START INFORMATION SUPPLIED

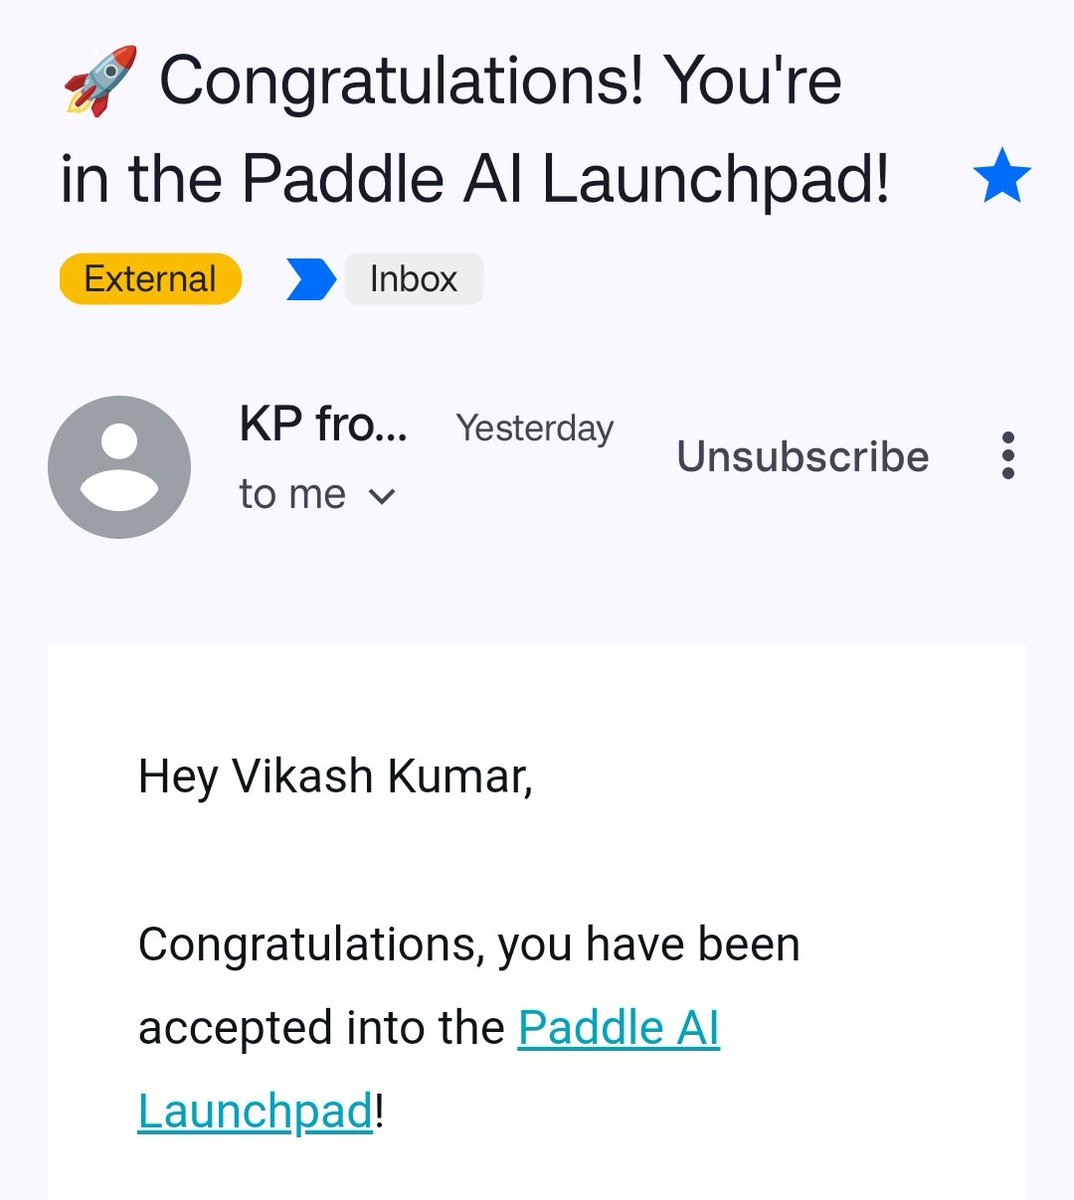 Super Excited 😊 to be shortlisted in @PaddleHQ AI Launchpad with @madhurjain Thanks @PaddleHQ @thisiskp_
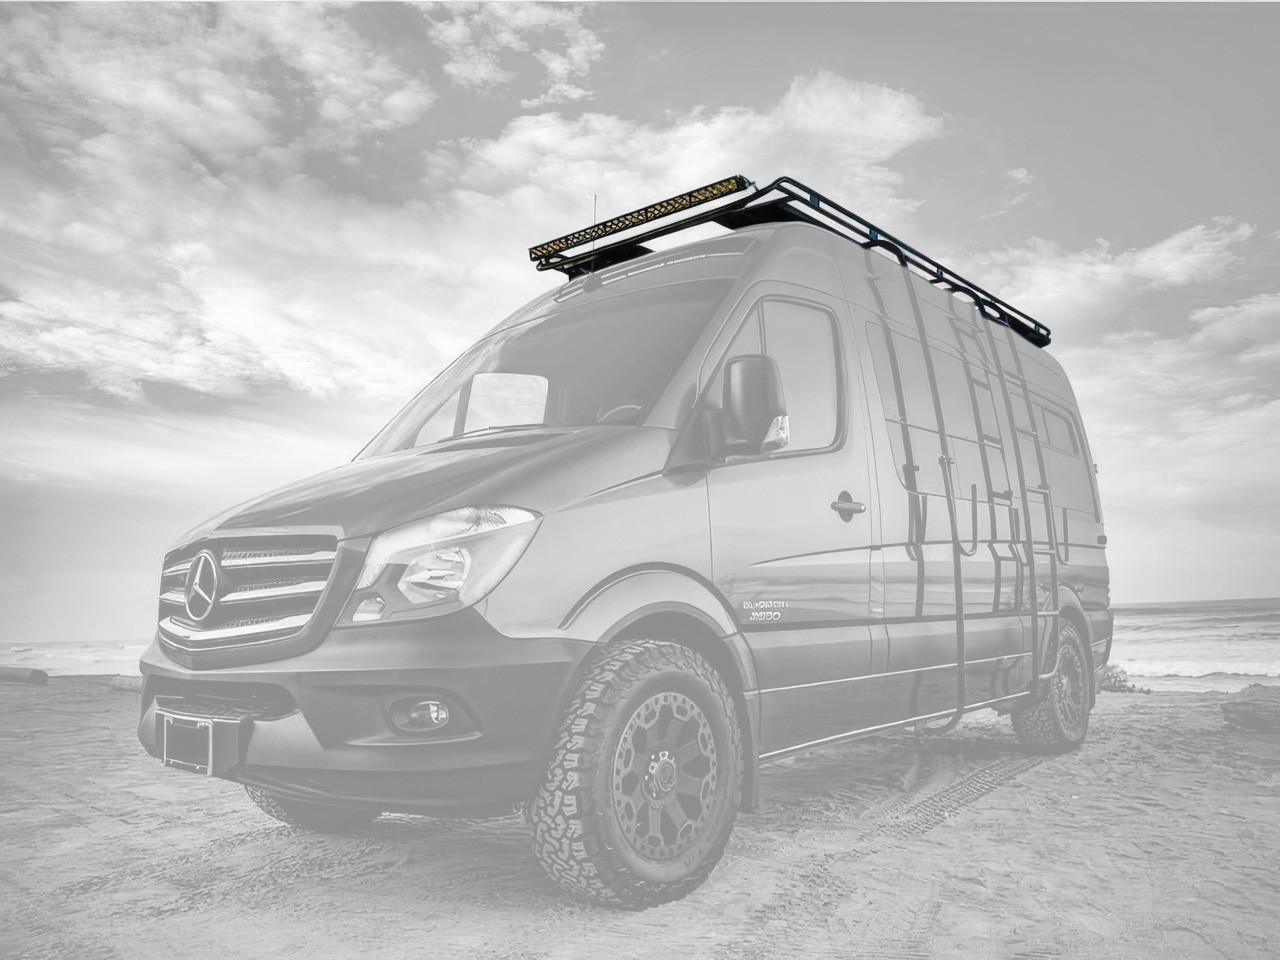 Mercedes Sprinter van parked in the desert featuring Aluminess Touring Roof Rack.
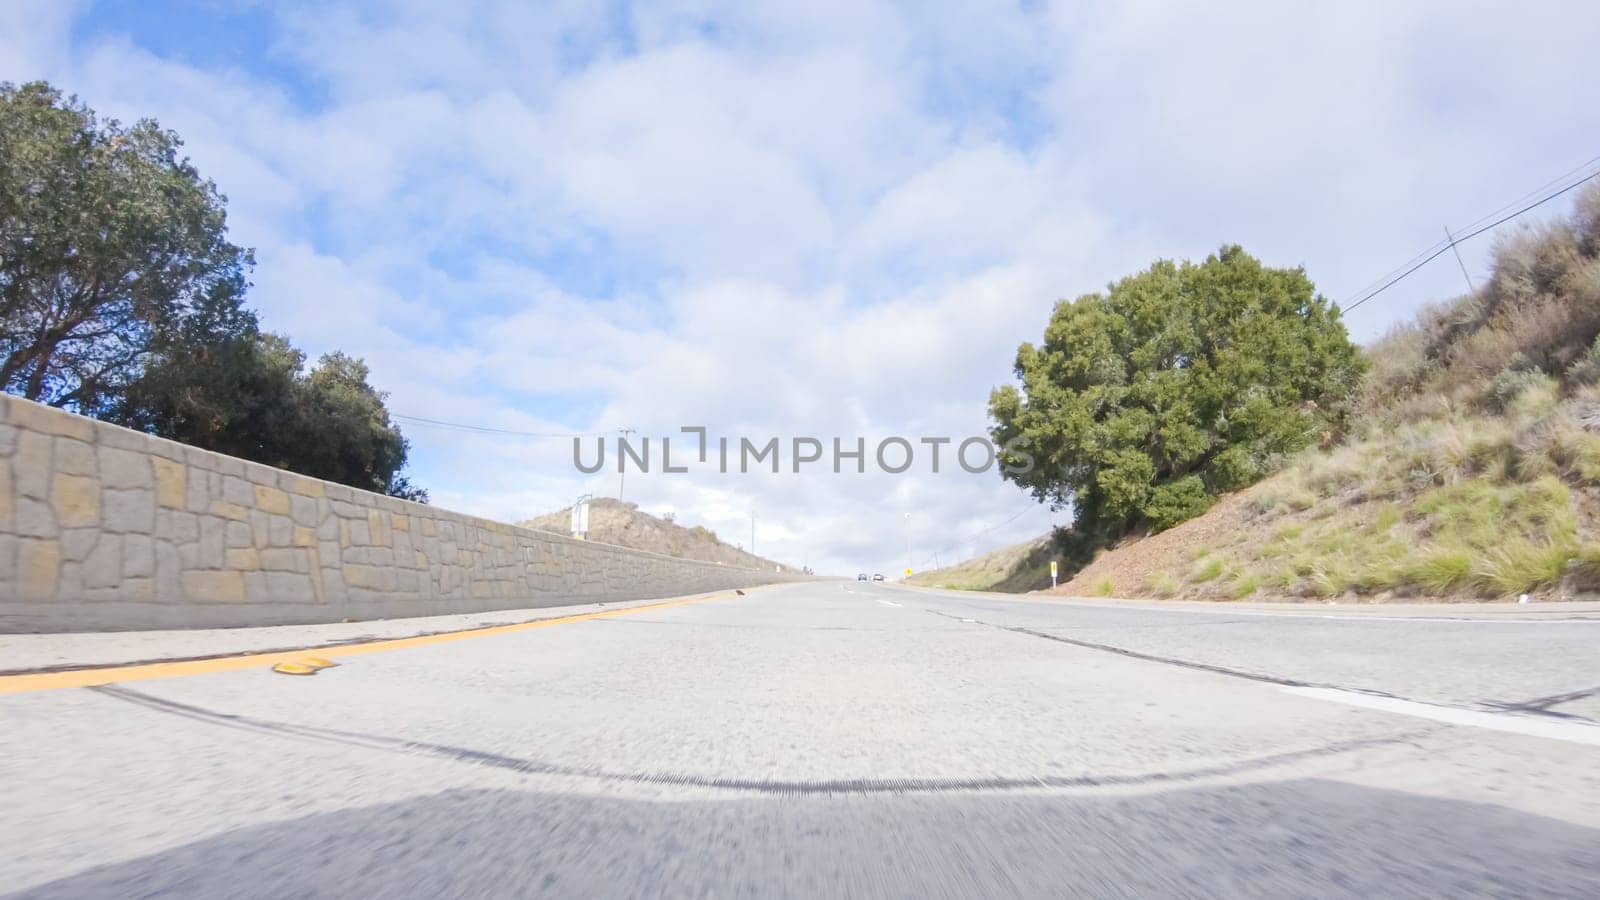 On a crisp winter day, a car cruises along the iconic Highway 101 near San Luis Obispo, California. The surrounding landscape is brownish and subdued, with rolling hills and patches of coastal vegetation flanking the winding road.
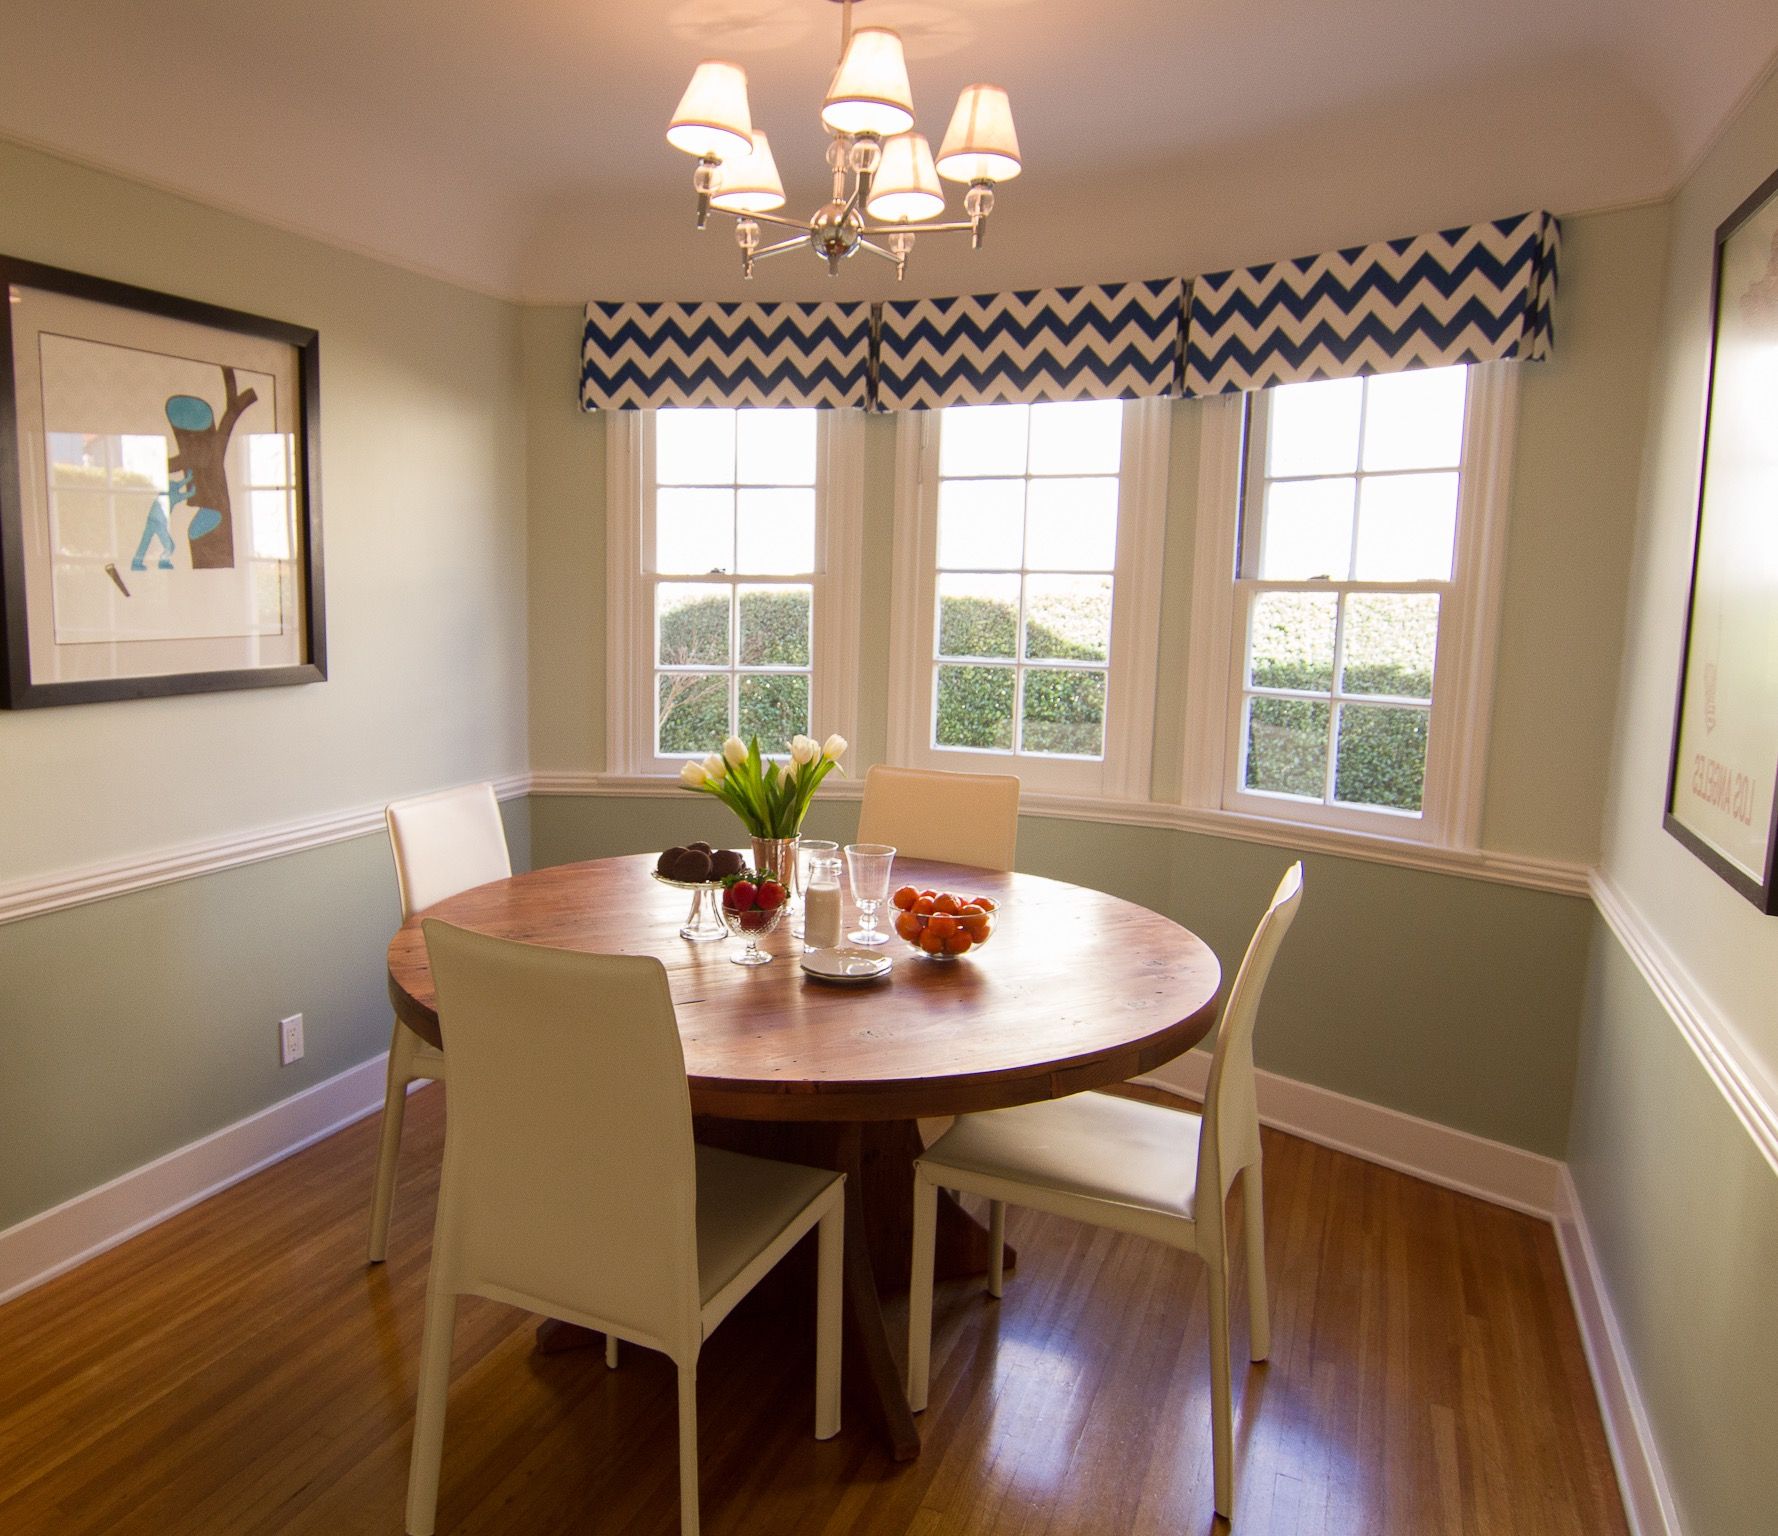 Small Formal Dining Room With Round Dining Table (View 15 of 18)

END INFORMATION SUPPLIED

WHAT IS BEING ASKED:
Wherever a picture appears in the data, please drop it and retype the rest exactly.

YOUR RESPONSE:
 Super Excited 😊 to be shortlisted in @PaddleHQ AI Launchpad with @madhurjain Thanks @PaddleHQ @thisiskp_
 Mercedes Sprinter van parked in the desert featuring Aluminess Touring Roof Rack.
 On a crisp winter day, a car cruises along the iconic Highway 101 near San Luis Obispo, California. The surrounding landscape is brownish and subdued, with rolling hills and patches of coastal vegetation flanking the winding road.
 Small Formal Dining Room With Round Dining Table (View 15 of 18)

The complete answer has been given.